Hi @Abhash-Chakraborty any updates on this one

[Abhash-Chakraborty]

@Adez017 Yes, this now covers the discussions flow as well, and they remain dynamic in prod.
I updated the implementation so the browser no longer talks to GitHub GraphQL directly and no token is exposed through Docusaurus config/customFields anymore. Instead, the dashboard now fetches discussions from a server-side /api/github-discussions endpoint, which uses the token only on the server and returns sanitized discussion data to the client.
So behavior-wise:

• discussions still work dynamically in production
• the refresh action still fetches live data
• no client-side GitHub token exposure is needed anymore

For compatibility, I also kept support for the existing DOCUSAURUS_GIT_TOKEN env as a legacy fallback, so current prod should continue working without needing an immediate env rename. GITHUB_TOKEN is now the preferred variable going forward.

[Adez017]

@sanjay-kv , can you test the changes in vercel preview ? also try to validate everything .

[Abhash-Chakraborty]

@sanjay-kv Please update variables pre-deployment.

[Copilot]

Pull request overview

Copilot reviewed 10 out of 11 changed files in this pull request and generated 5 comments.

---

💡 Add Copilot custom instructions for smarter, more guided reviews. Learn how to get started.

[Copilot]

fetchOrganizationStats() still performs fetchOrganizationInfo() (the first Promise in the Promise.all), but the result is intentionally ignored. This adds an extra GitHub API request on every refresh/cache miss, increasing latency and rate-limit risk.
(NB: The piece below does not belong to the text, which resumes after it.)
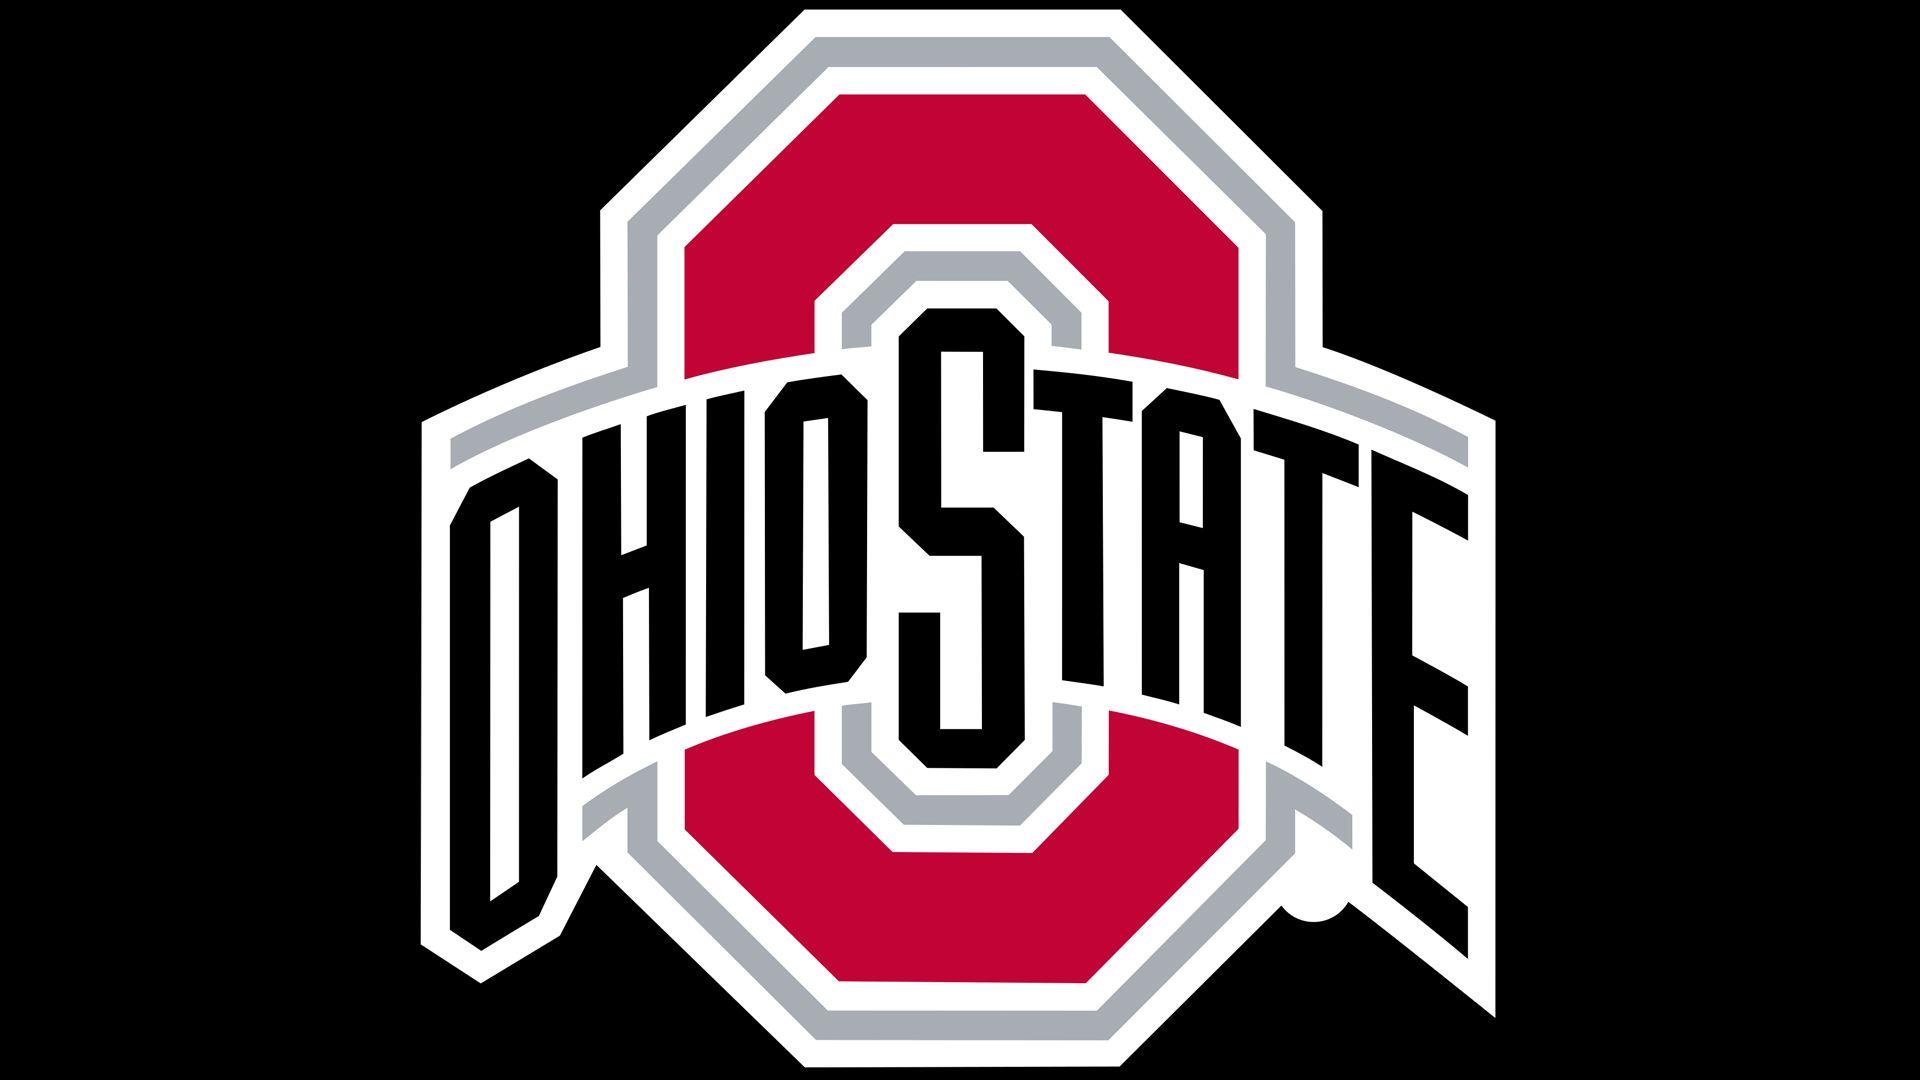 Ohio Logo - Meaning Ohio State logo and symbol | history and evolution
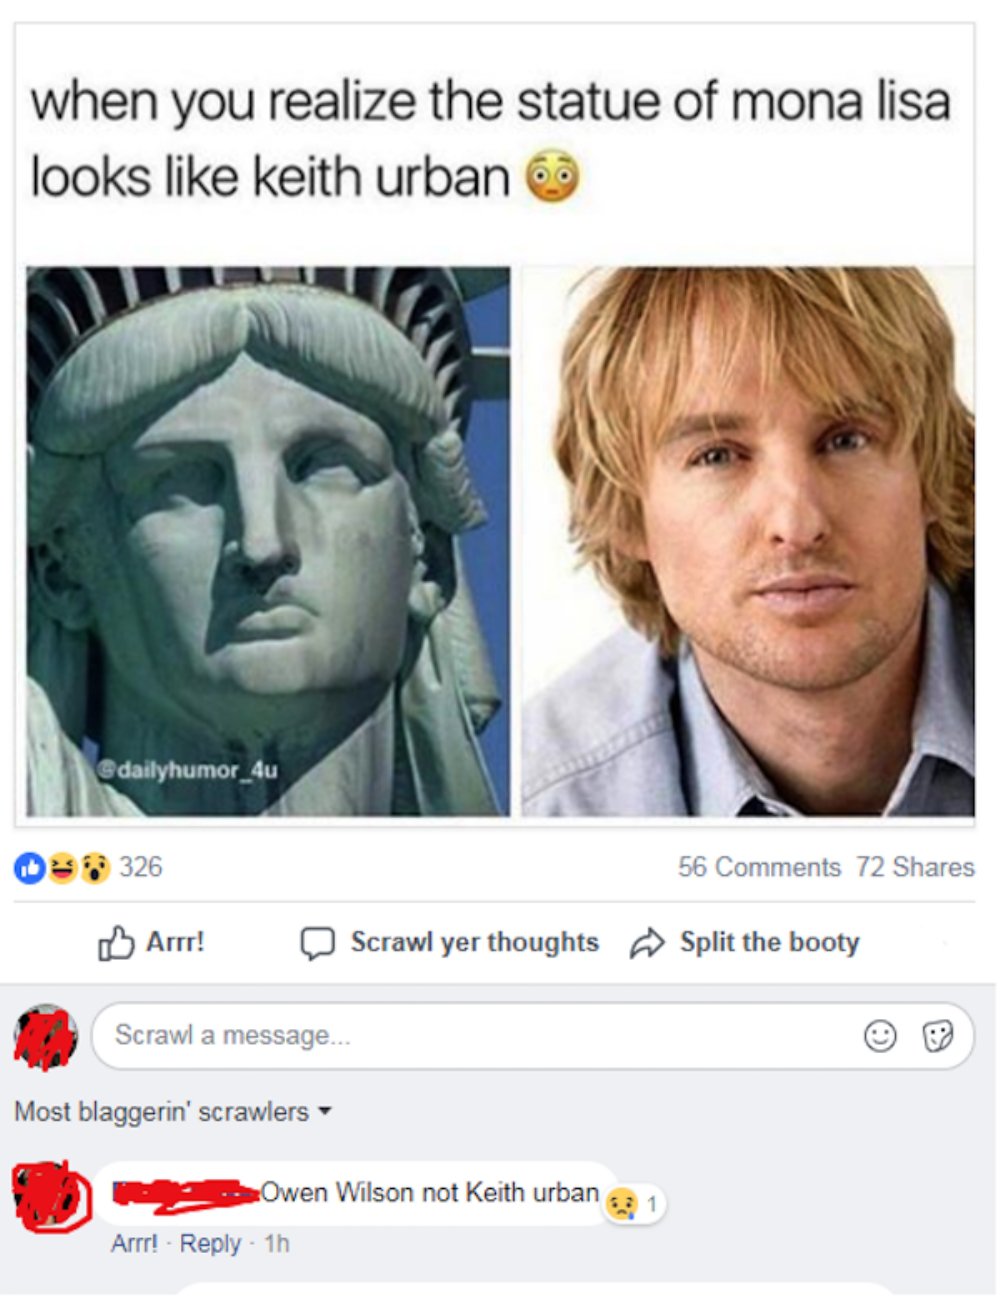 missed - owen wilson statue of liberty - when you realize the statue of mona lisa looks keith urban dailyhumor_4u 04326 56 72 Arrr! Scrawl yer thoughts Split the booty Scrawl a message... Most blaggerin' scrawlers Owen Wilson not Keith urban Arrr! 1h

Consider removing the org-info call entirely (or using its data in the computed stats) so you only request what you need.

Suggested change

	const [, repositories] = await Promise.all([
	this.fetchOrganizationInfo(signal),
	this.fetchAllRepositories(signal),
	]);
	const repositories = await this.fetchAllRepositories(signal);

[Adez017]

@Abhash-Chakraborty

[Copilot]

fetchDiscussions() unconditionally calls response.json() before checking response.ok. If the /api/github-discussions route is missing/misconfigured (404 HTML) or returns a non-JSON error body, this will throw a JSON parse error and lose the real HTTP status/context. Consider parsing defensively (e.g., read text first, or only JSON-parse when the Content-Type is JSON) and include the status code in the thrown error when available.

[Copilot]

This new API handler uses ESM syntax (export default) in a .js file, but package.json does not declare "type": "module". In a standard Node.js/CommonJS runtime this will fail to load with a syntax error. Consider switching this to CommonJS exports (module.exports = handler) or renaming to .mjs / configuring the project/runtime to treat api/* as ESM consistently.

[Adez017]

Check out this one too.

[Copilot]

Cache-Control is set before checking whether a token is configured and before the GitHub fetch succeeds. As written, 503 (no token) and 502 (upstream failure) responses will also be cached by CDNs for 5 minutes (s-maxage=300), potentially prolonging outages after configuration fixes. Consider only setting long-lived caching on successful (200) responses, and using a much shorter TTL or no-store for error responses.

[Copilot]

The “Select scopes” guidance here omits read:discussion, but .env.example now recommends public_repo, read:org, read:discussion for the token used by /api/github-discussions. Please align these docs so users generate a token with the scopes actually required for the GraphQL discussions query.

[Adez017]

@Abhash-Chakraborty , some of the suggestion from copilot are need to be take care . try to resolve them.